From 970b8044a05e6e6f27e7b46f8ac82a44198c6fd2 Mon Sep 17 00:00:00 2001
From: Filipi Fuchter <filipi87@gmail.com>
Date: Thu, 24 Jul 2025 13:25:48 -0300
Subject: [PATCH] Fixed an issue in `AudioBufferProcessor` that caused garbled
 audio when `enable_turn_audio` was enabled and audio resampling was required.

---
 CHANGELOG.md                                  |  3 +++
 .../audio/audio_buffer_processor.py           | 19 ++++++++++---------
 2 files changed, 13 insertions(+), 9 deletions(-)

diff --git a/CHANGELOG.md b/CHANGELOG.md
index eeb3dde3e..6174fea5b 100644
--- a/CHANGELOG.md
+++ b/CHANGELOG.md
@@ -67,6 +67,9 @@ and this project adheres to [Semantic Versioning](https://semver.org/spec/v2.0.0
 
 ### Fixed
 
+- Fixed an issue in `AudioBufferProcessor` that caused garbled audio when
+  `enable_turn_audio` was enabled and audio resampling was required.
+
 - Fixed a dependency issue for uv users where an `llvmlite` version required python 3.9.
 
 - Fixed an issue in `MiniMaxHttpTTSService` where the `pitch` param was the
diff --git a/src/pipecat/processors/audio/audio_buffer_processor.py b/src/pipecat/processors/audio/audio_buffer_processor.py
index 643e6e93f..b6432dd64 100644
--- a/src/pipecat/processors/audio/audio_buffer_processor.py
+++ b/src/pipecat/processors/audio/audio_buffer_processor.py
@@ -195,8 +195,6 @@ class AudioBufferProcessor(FrameProcessor):
 
         if self._recording:
             await self._process_recording(frame)
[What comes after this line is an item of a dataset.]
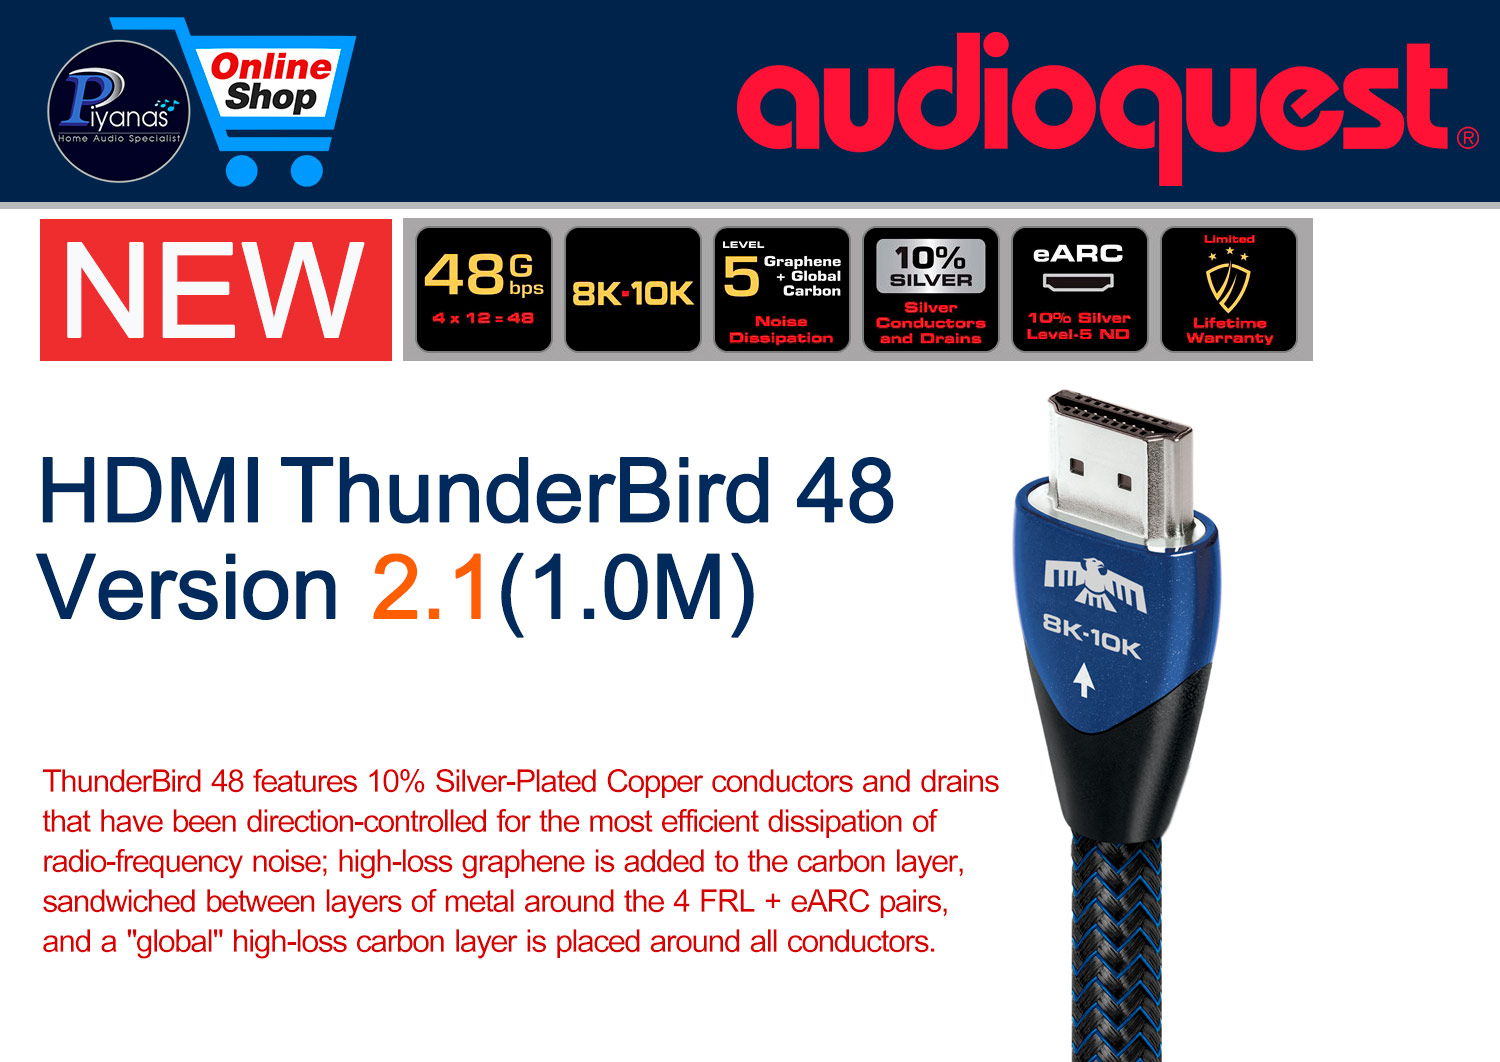 HDMI-ThunderBird 48 Version 2.1 (1.0M)

-            if self._enable_turn_audio:
-                await self._process_turn_recording(frame)
 
         if isinstance(frame, (CancelFrame, EndFrame)):
             await self.stop_recording()
@@ -210,6 +208,7 @@ class AudioBufferProcessor(FrameProcessor):
 
     async def _process_recording(self, frame: Frame):
         """Process audio frames for recording."""
+        resampled = None
         if isinstance(frame, InputAudioRawFrame):
             # Add silence if we need to.
             silence = self._compute_silence(self._last_user_frame_at)
@@ -232,7 +231,11 @@ class AudioBufferProcessor(FrameProcessor):
         if self._buffer_size > 0 and len(self._user_audio_buffer) > self._buffer_size:
             await self._call_on_audio_data_handler()
 
-    async def _process_turn_recording(self, frame: Frame):
+        # Process turn recording with preprocessed data.
+        if self._enable_turn_audio:
+            await self._process_turn_recording(frame, resampled)
+
+    async def _process_turn_recording(self, frame: Frame, resampled_audio: Optional[bytes] = None):
         """Process frames for turn-based audio recording."""
         if isinstance(frame, UserStartedSpeakingFrame):
             self._user_speaking = True
@@ -251,9 +254,8 @@ class AudioBufferProcessor(FrameProcessor):
             self._bot_speaking = False
             self._bot_turn_audio_buffer = bytearray()
 
-        if isinstance(frame, InputAudioRawFrame):
-            resampled = await self._resample_input_audio(frame)
-            self._user_turn_audio_buffer += resampled
+        if isinstance(frame, InputAudioRawFrame) and resampled_audio:
+            self._user_turn_audio_buffer.extend(resampled_audio)
             # In the case of the user, we need to keep a short buffer of audio
             # since VAD notification of when the user starts speaking comes
             # later.
@@ -263,9 +265,8 @@ class AudioBufferProcessor(FrameProcessor):
             ):
                 discarded = len(self._user_turn_audio_buffer) - self._audio_buffer_size_1s
                 self._user_turn_audio_buffer = self._user_turn_audio_buffer[discarded:]
-        elif self._bot_speaking and isinstance(frame, OutputAudioRawFrame):
-            resampled = await self._resample_output_audio(frame)
-            self._bot_turn_audio_buffer += resampled
+        elif self._bot_speaking and isinstance(frame, OutputAudioRawFrame) and resampled_audio:
+            self._bot_turn_audio_buffer.extend(resampled_audio)
 
     async def _call_on_audio_data_handler(self):
         """Call the audio data event handlers with buffered audio."""